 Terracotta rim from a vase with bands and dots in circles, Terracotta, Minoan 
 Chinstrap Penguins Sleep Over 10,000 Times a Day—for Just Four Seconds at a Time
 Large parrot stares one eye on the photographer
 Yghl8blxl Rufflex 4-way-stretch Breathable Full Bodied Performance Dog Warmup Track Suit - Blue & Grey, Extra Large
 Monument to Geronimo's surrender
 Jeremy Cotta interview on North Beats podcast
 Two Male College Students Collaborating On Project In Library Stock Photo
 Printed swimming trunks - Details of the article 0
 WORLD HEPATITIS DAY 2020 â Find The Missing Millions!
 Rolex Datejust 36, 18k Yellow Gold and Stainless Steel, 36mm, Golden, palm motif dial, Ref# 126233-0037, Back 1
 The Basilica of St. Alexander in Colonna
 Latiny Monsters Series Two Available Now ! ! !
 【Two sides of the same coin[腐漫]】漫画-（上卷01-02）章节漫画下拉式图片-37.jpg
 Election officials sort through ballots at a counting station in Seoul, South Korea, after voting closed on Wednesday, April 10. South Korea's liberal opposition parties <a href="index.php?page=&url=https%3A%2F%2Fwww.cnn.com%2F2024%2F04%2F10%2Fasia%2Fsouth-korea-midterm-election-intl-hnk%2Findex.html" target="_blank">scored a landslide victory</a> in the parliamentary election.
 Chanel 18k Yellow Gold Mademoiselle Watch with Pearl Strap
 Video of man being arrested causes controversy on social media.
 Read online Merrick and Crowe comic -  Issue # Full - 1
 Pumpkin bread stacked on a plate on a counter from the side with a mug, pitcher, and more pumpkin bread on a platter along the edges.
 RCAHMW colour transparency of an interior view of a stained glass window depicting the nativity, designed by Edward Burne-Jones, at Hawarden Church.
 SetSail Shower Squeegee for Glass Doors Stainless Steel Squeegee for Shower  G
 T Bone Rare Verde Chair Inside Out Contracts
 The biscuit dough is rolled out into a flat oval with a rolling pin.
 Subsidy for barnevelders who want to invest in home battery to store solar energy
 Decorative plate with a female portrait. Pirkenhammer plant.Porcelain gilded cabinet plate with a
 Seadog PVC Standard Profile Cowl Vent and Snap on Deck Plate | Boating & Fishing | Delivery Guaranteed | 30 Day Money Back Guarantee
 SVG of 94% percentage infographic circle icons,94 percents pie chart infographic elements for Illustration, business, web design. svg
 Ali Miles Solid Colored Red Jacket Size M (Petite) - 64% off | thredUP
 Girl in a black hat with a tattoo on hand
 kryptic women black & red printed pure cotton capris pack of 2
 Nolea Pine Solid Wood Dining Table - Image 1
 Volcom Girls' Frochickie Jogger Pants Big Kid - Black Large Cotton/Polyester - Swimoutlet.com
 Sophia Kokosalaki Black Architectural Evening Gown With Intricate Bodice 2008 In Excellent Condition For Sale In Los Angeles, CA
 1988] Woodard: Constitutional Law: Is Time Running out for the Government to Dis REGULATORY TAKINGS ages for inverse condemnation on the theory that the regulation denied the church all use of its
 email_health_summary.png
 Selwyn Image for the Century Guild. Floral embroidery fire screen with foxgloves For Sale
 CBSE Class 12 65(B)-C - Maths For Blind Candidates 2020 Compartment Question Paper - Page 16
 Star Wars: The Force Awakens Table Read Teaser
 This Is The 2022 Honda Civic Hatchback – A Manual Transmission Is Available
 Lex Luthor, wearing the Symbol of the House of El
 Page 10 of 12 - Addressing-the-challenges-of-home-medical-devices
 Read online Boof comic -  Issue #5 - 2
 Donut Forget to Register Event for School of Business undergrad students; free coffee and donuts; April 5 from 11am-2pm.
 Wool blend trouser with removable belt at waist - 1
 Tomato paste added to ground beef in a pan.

• • •

What the task asks - Word for word, restate the lines of the listing above starting at the line with "Chanel 18k Yellow" and ending at the line with "Ali Miles Solid", and nothing outside them.

Answer below -
 Chanel 18k Yellow Gold Mademoiselle Watch with Pearl Strap
 Video of man being arrested causes controversy on social media.
 Read online Merrick and Crowe comic -  Issue # Full - 1
 Pumpkin bread stacked on a plate on a counter from the side with a mug, pitcher, and more pumpkin bread on a platter along the edges.
 RCAHMW colour transparency of an interior view of a stained glass window depicting the nativity, designed by Edward Burne-Jones, at Hawarden Church.
 SetSail Shower Squeegee for Glass Doors Stainless Steel Squeegee for Shower  G
 T Bone Rare Verde Chair Inside Out Contracts
 The biscuit dough is rolled out into a flat oval with a rolling pin.
 Subsidy for barnevelders who want to invest in home battery to store solar energy
 Decorative plate with a female portrait. Pirkenhammer plant.Porcelain gilded cabinet plate with a
 Seadog PVC Standard Profile Cowl Vent and Snap on Deck Plate | Boating & Fishing | Delivery Guaranteed | 30 Day Money Back Guarantee
 SVG of 94% percentage infographic circle icons,94 percents pie chart infographic elements for Illustration, business, web design. svg
 Ali Miles Solid Colored Red Jacket Size M (Petite) - 64% off | thredUP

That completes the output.